Borowski’s questions deserve attention – more than can be offered in this short article. But I will point out that C.S. Lewis warned of this very problem nearly 75 years ago in his 1943 book The Abolition of Man.

In the book’s opening chapter, entitled “Men Without Chests,” Lewis explained what happens when a society no longer has the cultural confidence or moral fortitude to instruct students in the pursuit of even the most basic virtues: truth, goodness, and beauty.

“…we continue to clamour for those very qualities we are rendering impossible. You can hardly open a periodical without coming across the statement that what our civilization needs is more ‘drive’, or dynamism, or self-sacrifice, or ‘creativity’.

In a sort of ghastly simplicity, we remove the organ and demand the function. We make men without chests and expect of them virtue and enterprise. We laugh at honour and are shocked to find traitors in our midst.
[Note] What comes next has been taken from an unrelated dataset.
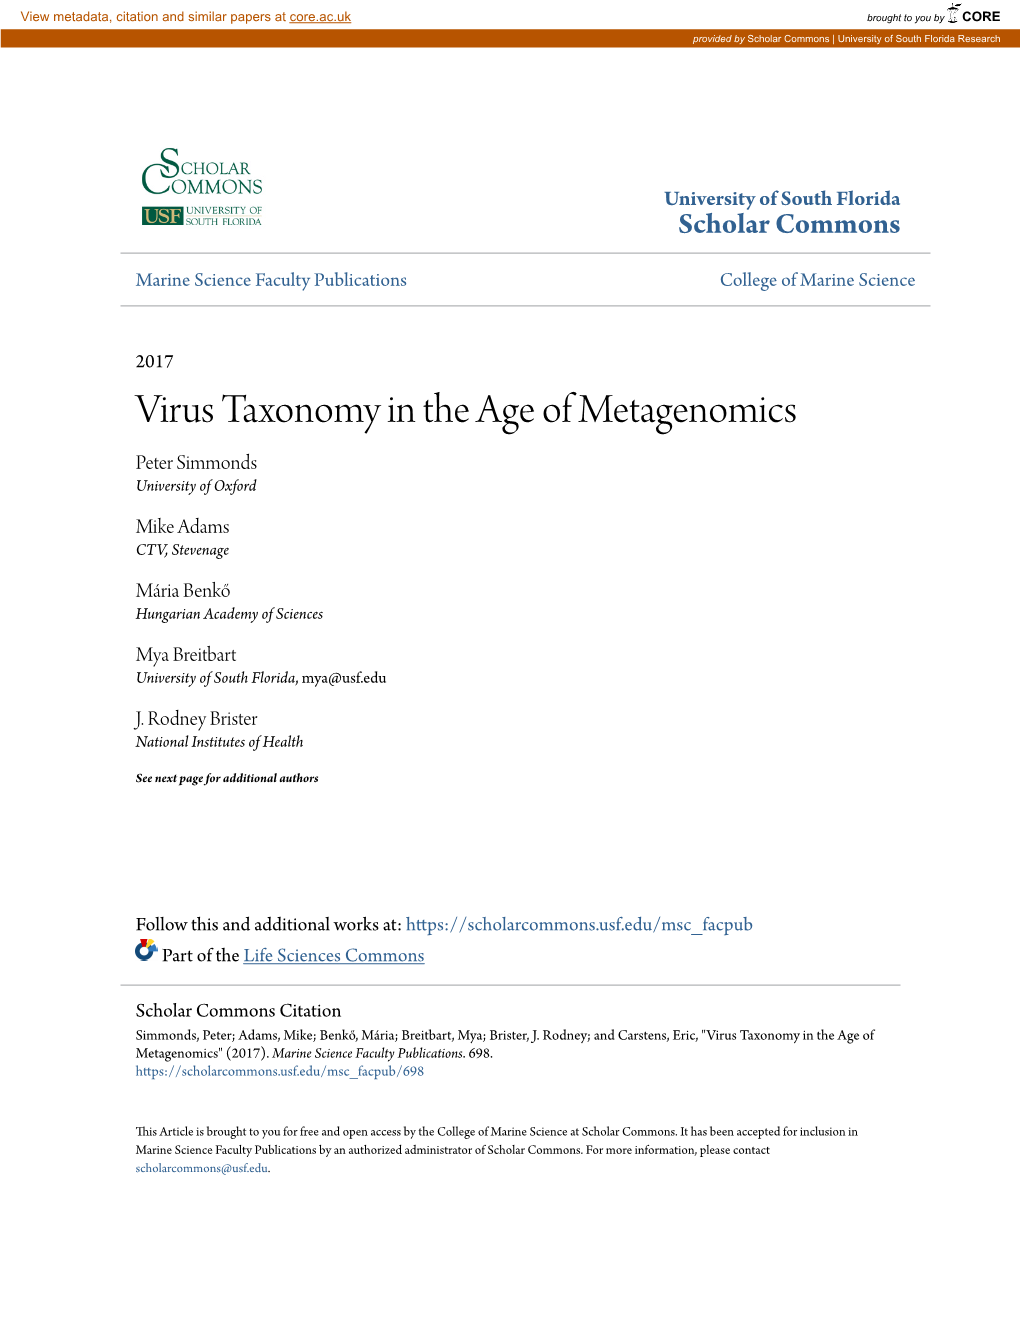 Virus Taxonomy in the Age of Metagenomics Peter Simmonds University of Oxford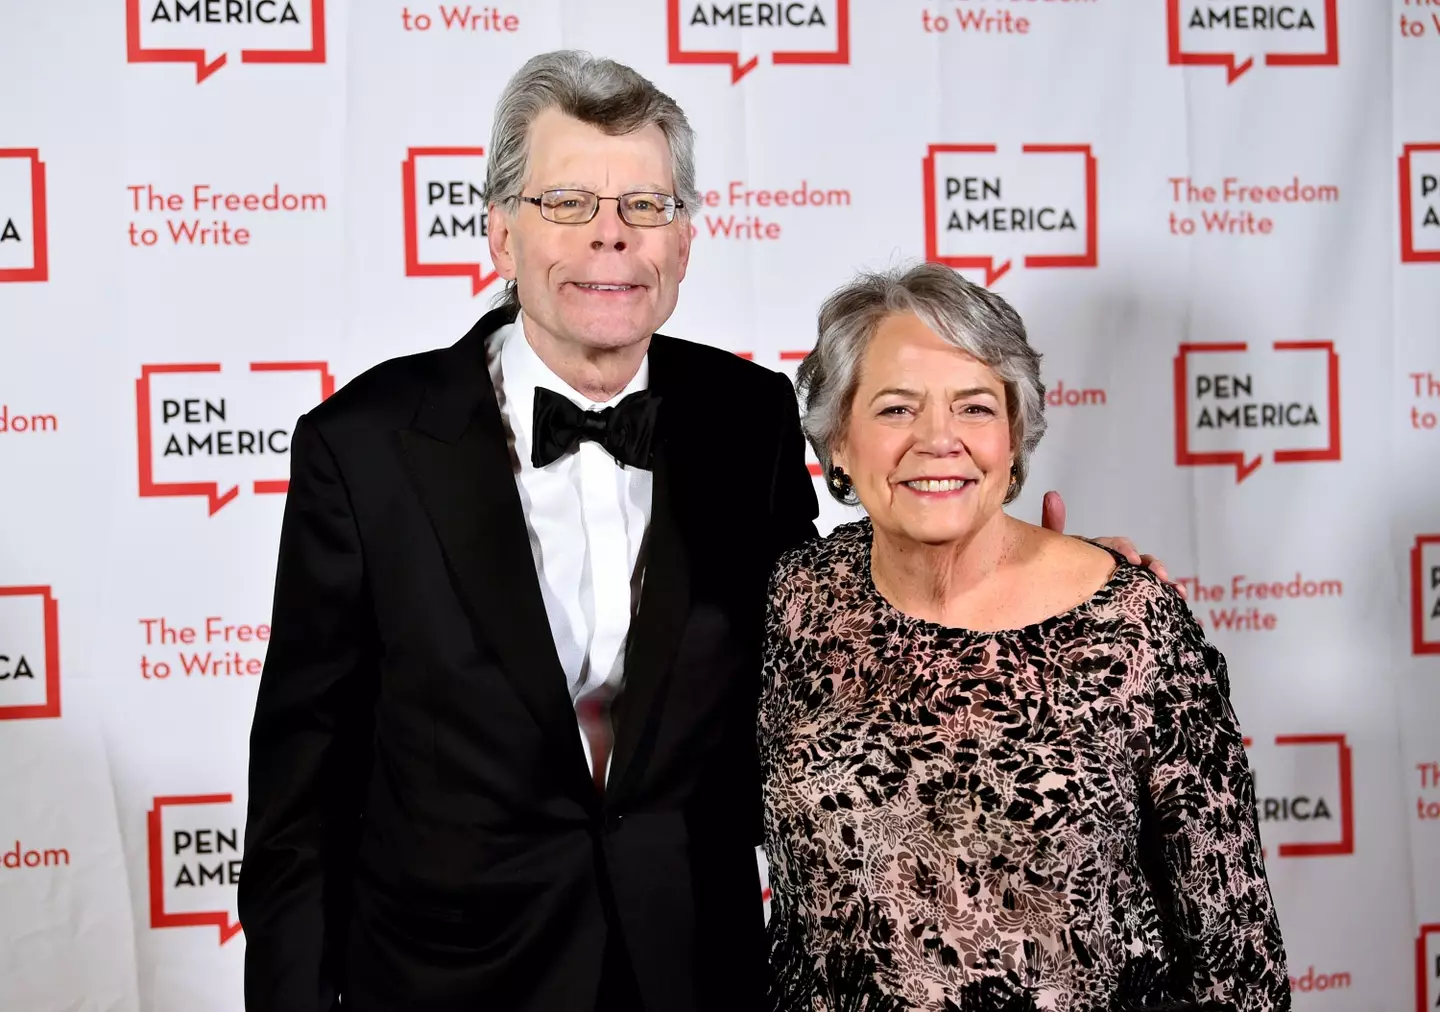 Stephen King ended up in a Twitter spat with the podcaster.

We castrate and bid the geldings be fruitful.”

Combine this phenomenon with surging unemployment and the incessant drumbeat of identity politics and what do you get?  Perhaps, frighteningly, a resurgence of right wing extremism.

I hope I’m wrong. If we’re witnessing an actual resurgence of radicalism on the right, it would be a horrible development. If you thought the emerging victimhood culture was scary before, wait until it reaches white men.

When the class resented for its alleged privilege becomes an aggrieved class itself, it could portend the collapse of social democracy.